Пробыв первые несколько дней в залах выставки без дела, к тому же не зная языка, Сергей Тимофеевич крепко затосковал. На выставке пустынно, приходят практически лишь покупатели. Они подолгу о чем-то договариваются с Грабарем. Русским, которые «без языка», занять себя нечем. Залы разгорожены фанерными щитами. Оглядишься — вокруг лес бетонных столбов-опор. Скука. Коненков заметил, как у окна, ссутулившись, стоит Иван Дмитриевич Сытин. Направился к нему. Поздоровались. На лице обычно радушного Сытина скорбь.

— Что мы с тобой здесь — маленькие букашки! — философски произнес Иван Дмитриевич, глядя на Нью-Йорк. Внизу в широком каменном ущелье бился бурный поток машин, словно муравьи через перекресток и по тротуарам торопливо двигались люди.

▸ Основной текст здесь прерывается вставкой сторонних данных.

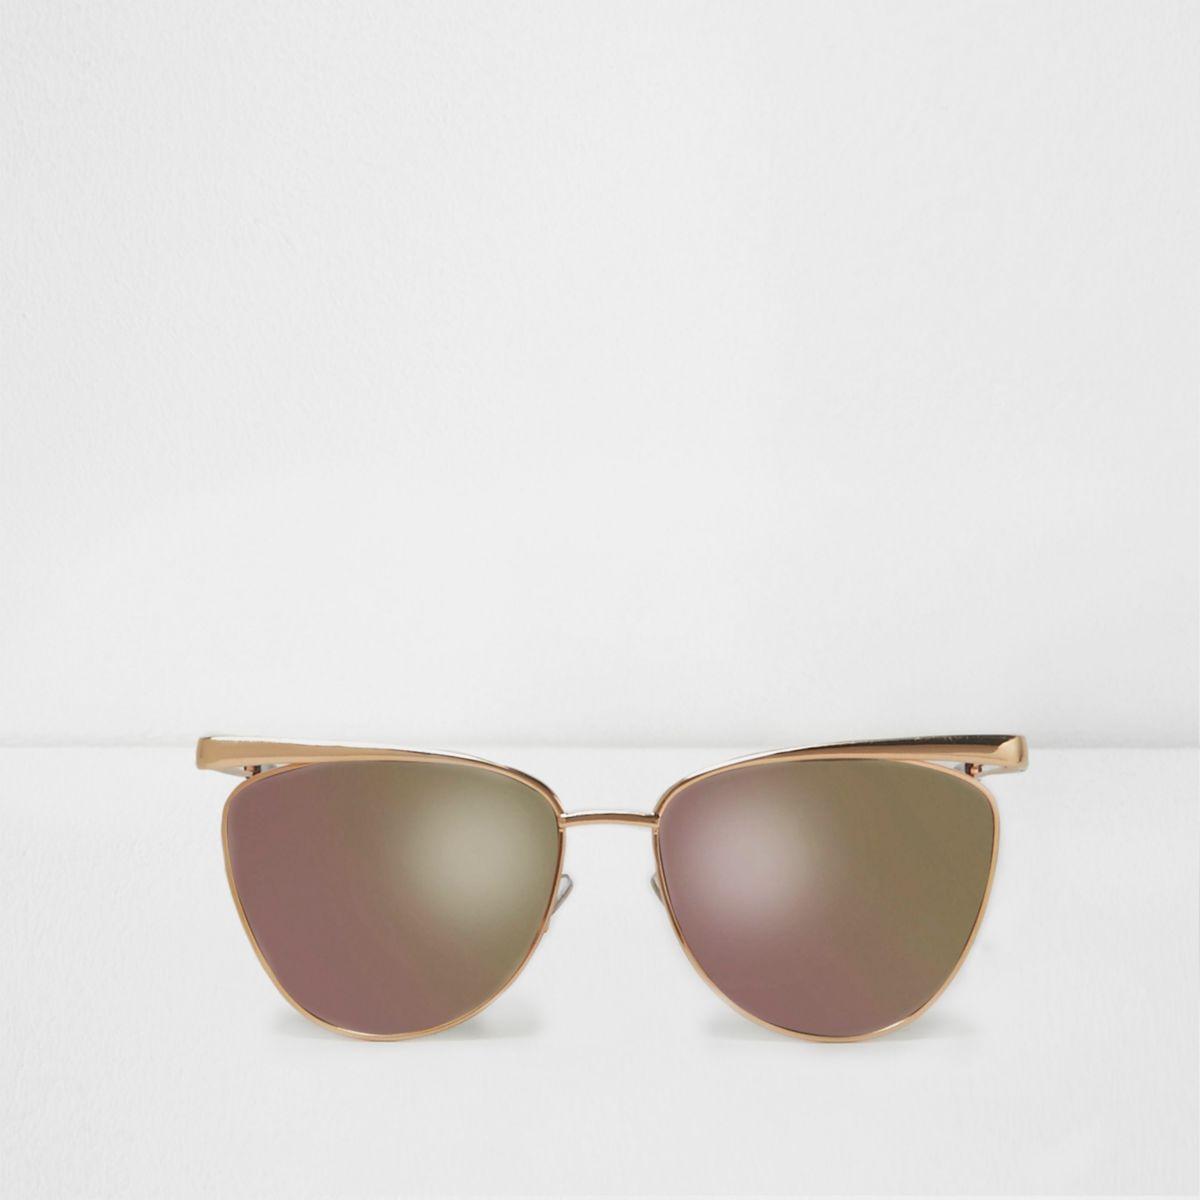 Gold tone cat eye pink mirror sunglasses

Сытин и Трояновский рвались домой к своим издательским делам. Когда в мае выставка на Лесингтон-стрит закрылась и добросовестнейший во всех делах Игорь Эммануилович Грабарь мог считать, что свой долг представителя русских экспонентов на нью-йоркской выставке исполнил, он тоже засобирался в Москву. Из датируемого 24 мая 1924 года письма Грабаря жене видно, что Коненков остается в Америке: «Нестеров, который очень усердно переписывается с Виноградовым… озабочен тем, что тут пойдет дело без нас, и спрашивает, не лучше ли было бы поручить общее руководство кому-либо из остающихся — Коненкову, Захарову?»

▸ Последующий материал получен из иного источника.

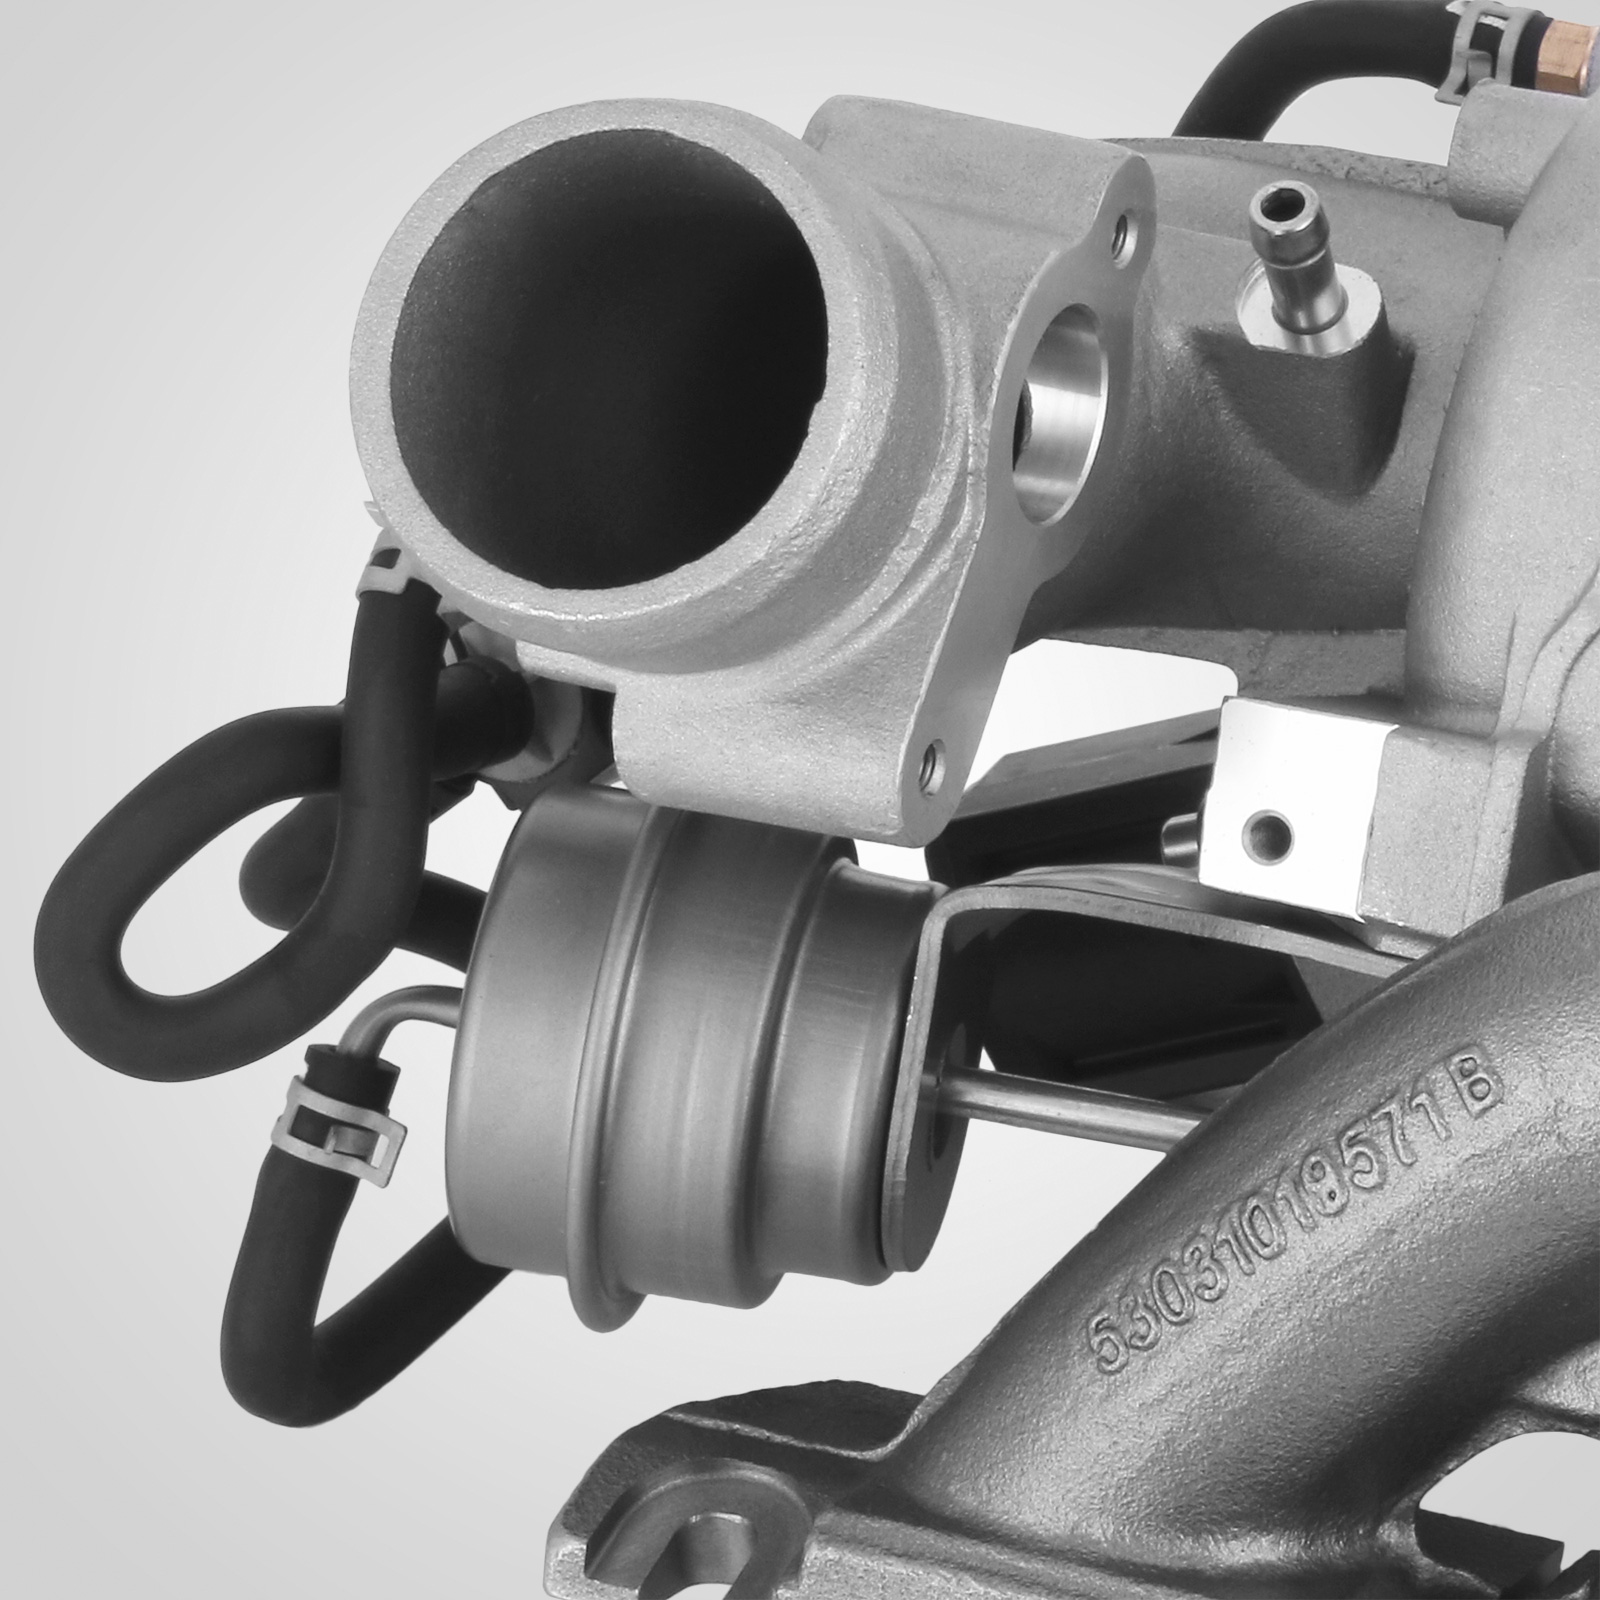 2007 Audi A4 Turbo Problems: New K03 Turbo Turbocharger For Audi A4 2.0T B7 BUL BWE BWT

Ввиду определенного успеха нью-йоркской экспозиции комитет Выставки русского искусства получил ряд предложений о передвижении ее по разным городам Северной Америки. После закрытия выставка разъезжала по разным городам США и Канады в течение почти двух лет.

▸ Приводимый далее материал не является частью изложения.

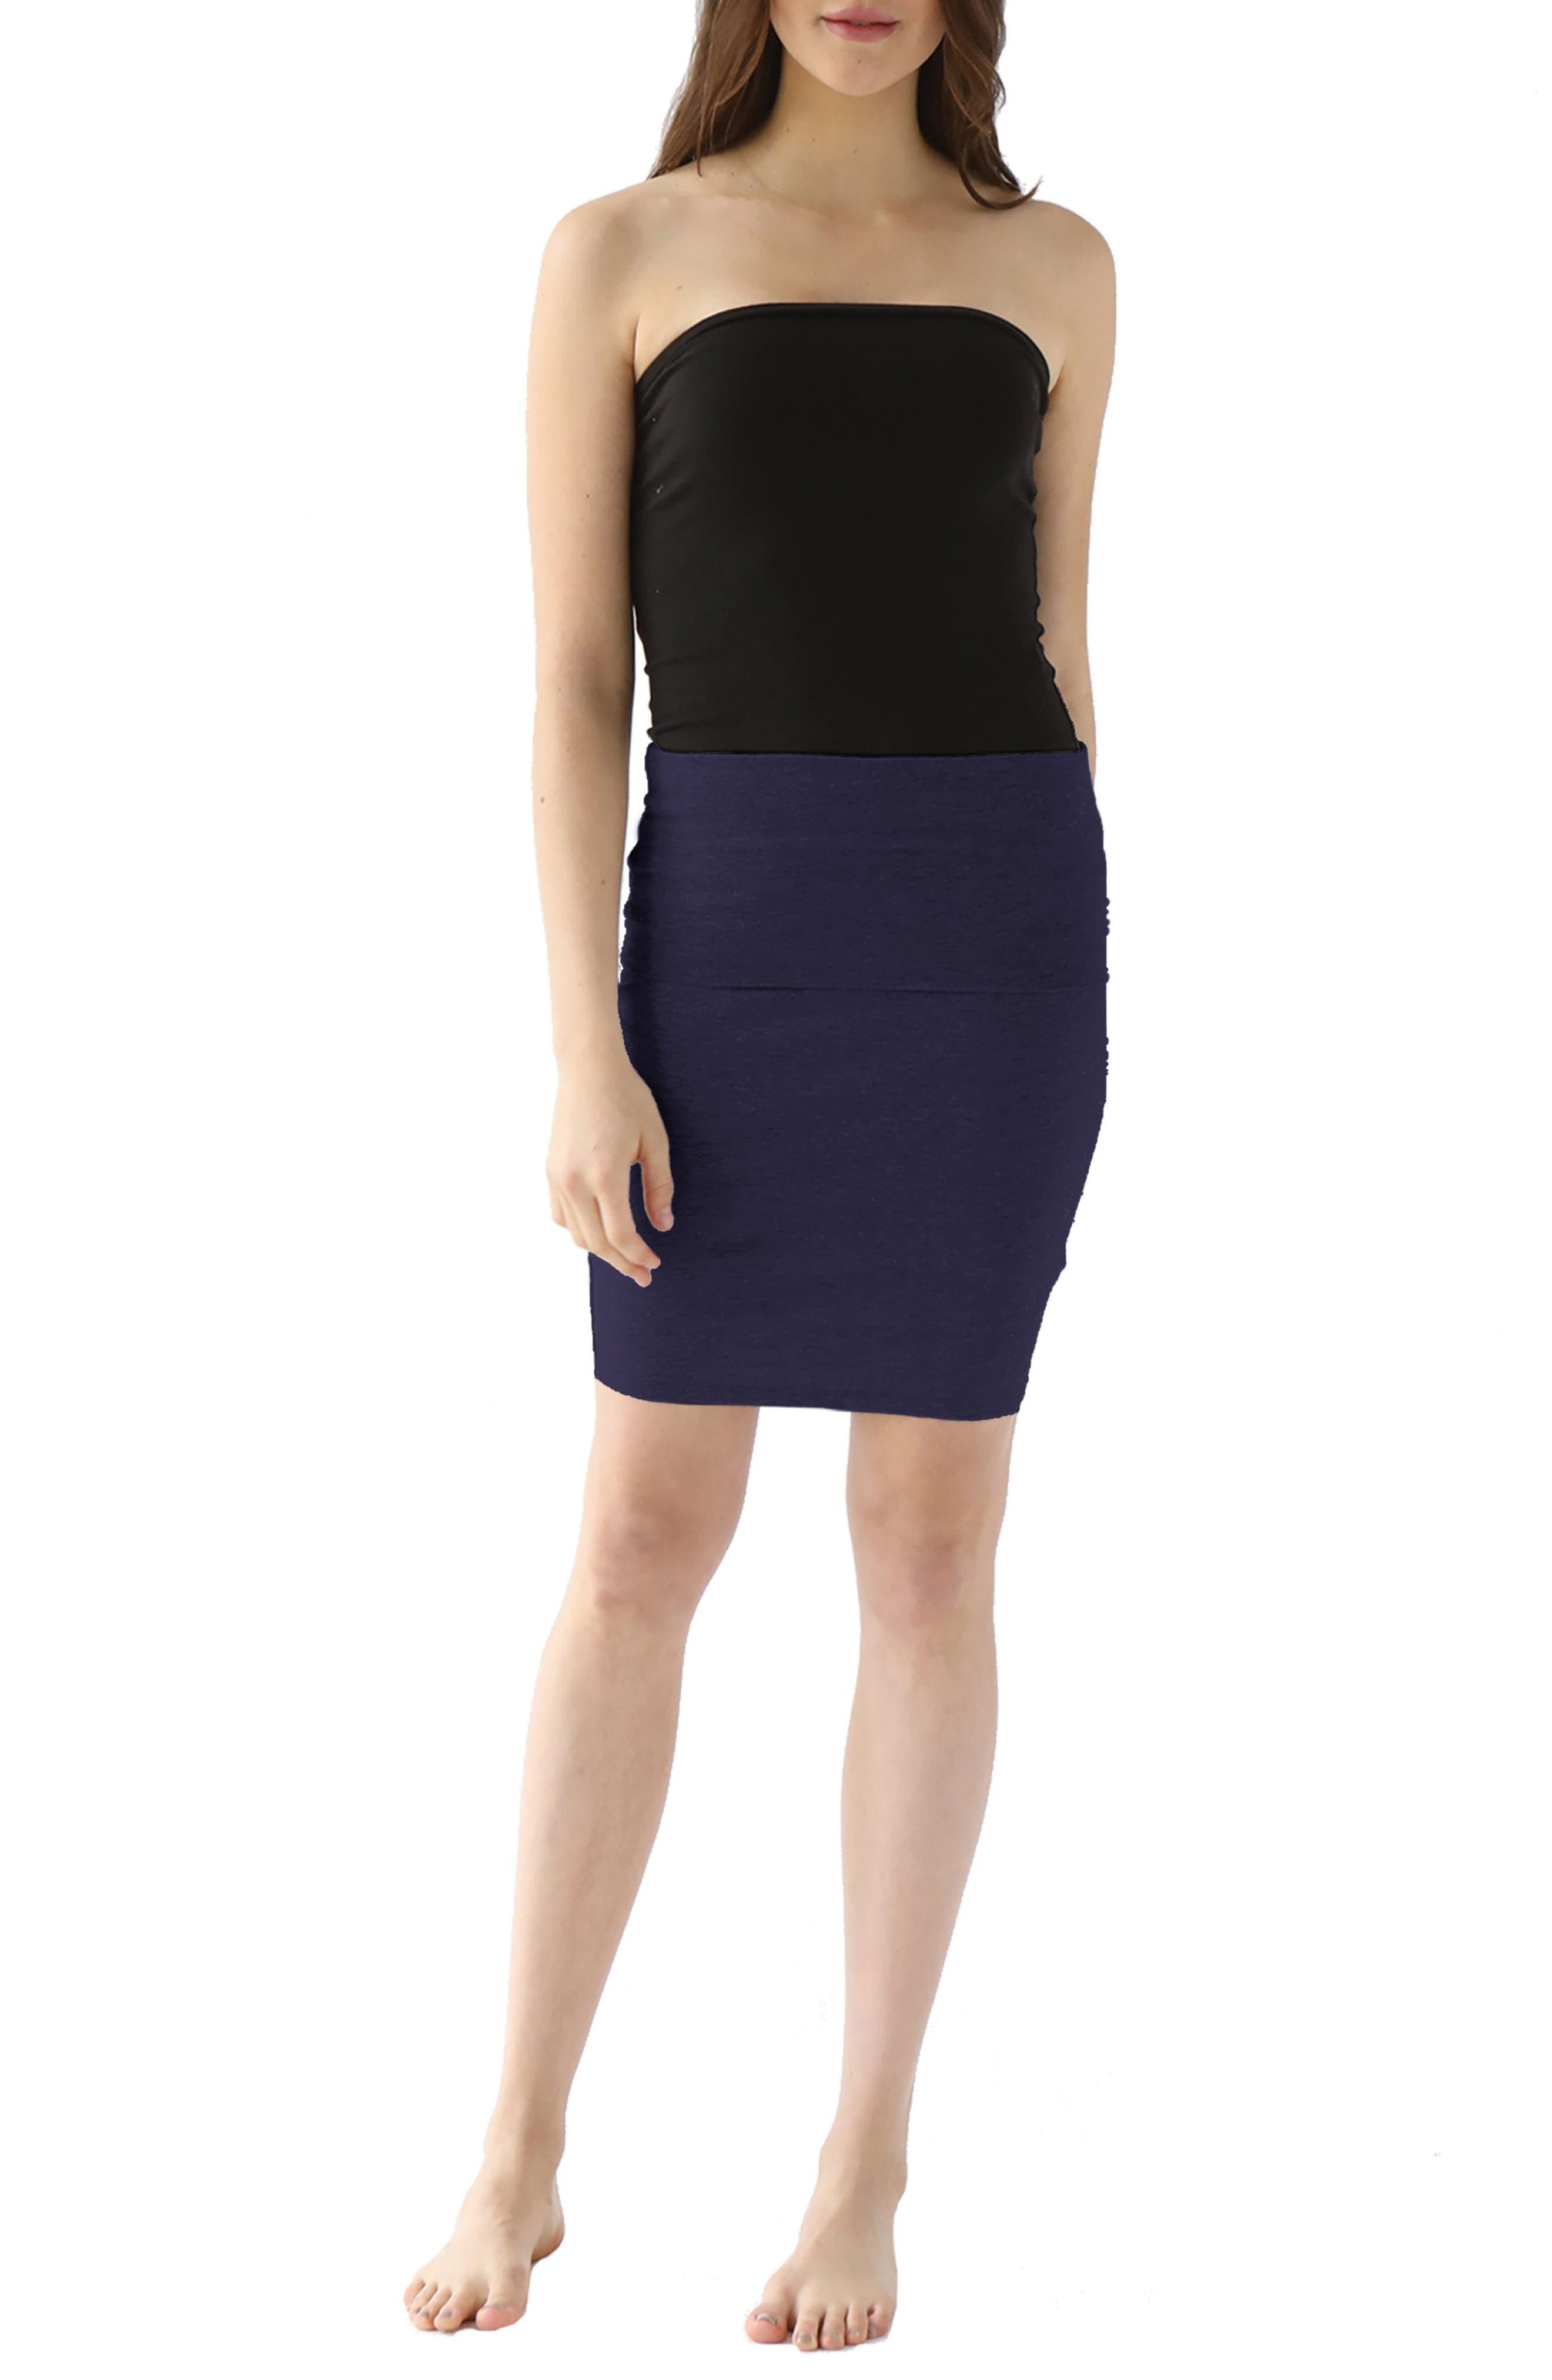 Trina Foldover Stretch Cotton Skirt,                         Main,                         color, Midnight

Значит, тот весенний месяц от середины марта, когда скульптор горько сетовал на то, что заехал в такую даль, до середины апреля, когда созрело решение остаться, — в жизни Коненкова много значил.

В марте было много поводов для тоски. Непонимание американской публикой его искусства. Безденежье. Жить практически было не на что. Для него жить — значит работать. Возможности работать по скульптуре в четырех стенах гостиничного номера, где чисто, душно, тесно, как в сушильном шкафу, где не повернешься, где негде поставить станок, замочить глину — не было. Здесь не сядешь, повязав фартук, на старый диван или табуретку с фигурной стамеской в руках, чтобы превратить в реальность то, что живет пока только в твоем воображении. А так хочется забыться за работой. Студия на Пресне вспоминается как земля обетованная.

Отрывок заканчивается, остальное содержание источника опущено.